I hereby take your creative license:
Overly Dramatic/Excited Writer
I can’t believe he did this to me! What am I going to do?!!!
See, it all started when he didn’t show up for wedding rehearsal. I mean, we met in, what, 1996? Or was it 1998? Anyway, two days ago he decided he didn’t like his tux. Then he didn’t like his best man. Actually, he swung a blow at him two weeks ago, no, that was in January, or some time around the Super Bowl. He was drunk and livid that his team lost. I don’t remember which team. I haven’t even told you who “he” is, have I? His name is Brad. But back to what I was saying about wedding rehearsal….
The Telling You Instead of Showing You Writer
(Of course you could read the above example, but for fun’s sake…) Susan is angry, and slightly crazy.
The Grammatically Challenged Writer
It is I who said, just the other night, something ain’t right wit Brad.
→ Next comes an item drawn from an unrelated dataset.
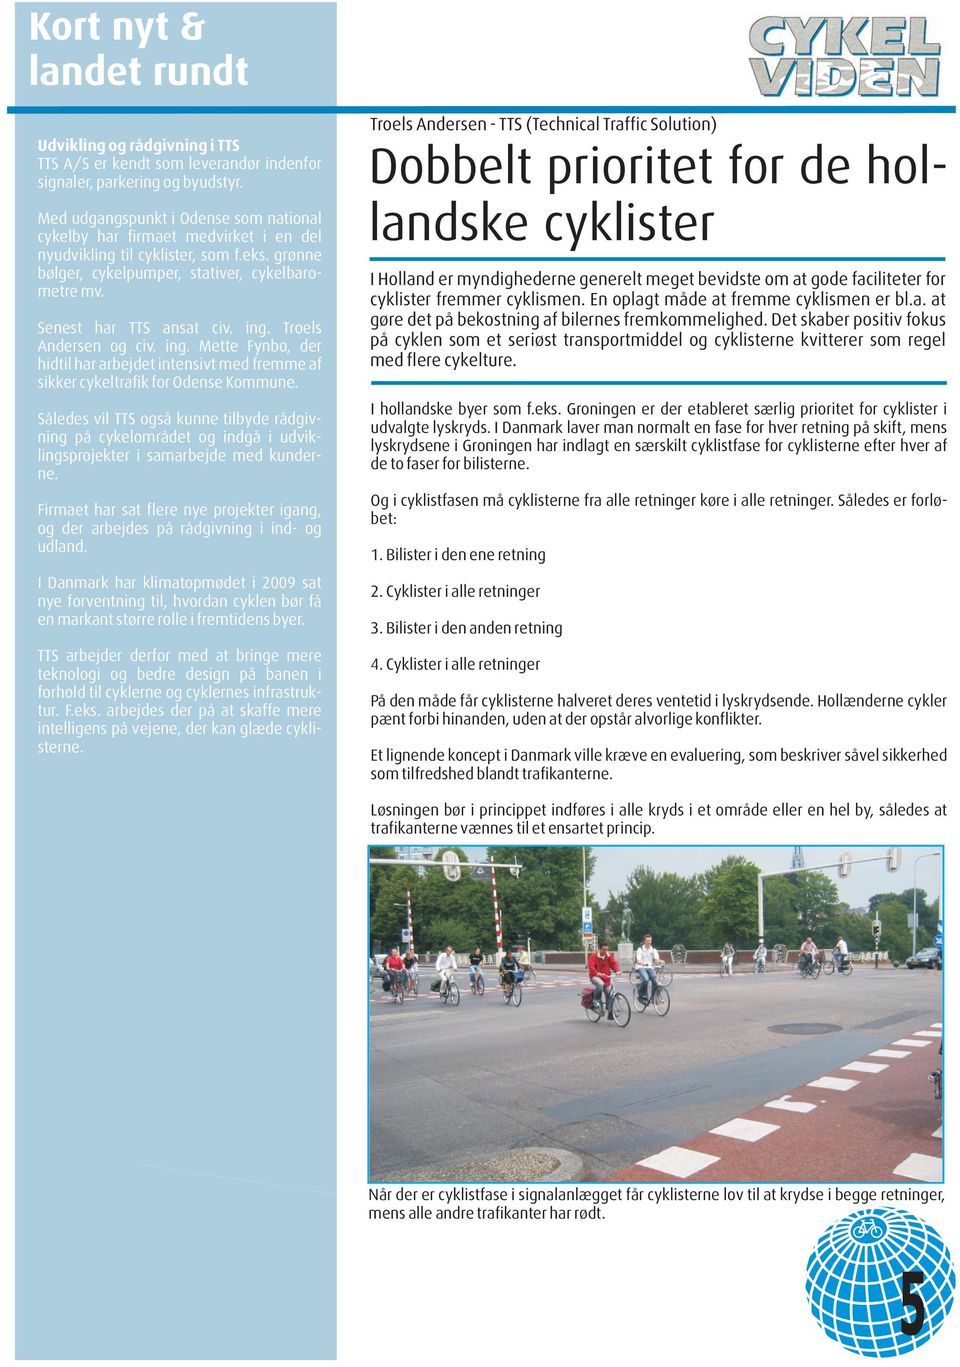 ing. Troels Andersen og civ. ing. Mette Fynbo, der hidtil har arbejdet intensivt med fremme af sikker cykeltrafik for Odense Kommune.

He my fiance. Me and him supposed to be getting married tomorrow but he seems to be missing and I ain’t been able to find him nowheres.
This is stoopid. Brad’s emmbarrassing me on the most impotent day of my life.
I angrily stomp outside, grab my cellphone, and quickly text Brad. It is precisely six o’clock. Unfortunately, he’s acting irresponsibly. Why isn’t he answering my calls. I try again, more urgently this time.
The Combo Adverb/Adjective Abuser
The air is hot and humid and dreary and misty and stifling, and I feel scared and used, as though the entire, family-filled sanctuary is laughing secretly, quietly, at me.
The raindrops slide down the mosaic windows like tear drops from my eyes. I stand alone at the altar like a ship abandoned at sea. I am to pain as knife is to flesh. I am dead.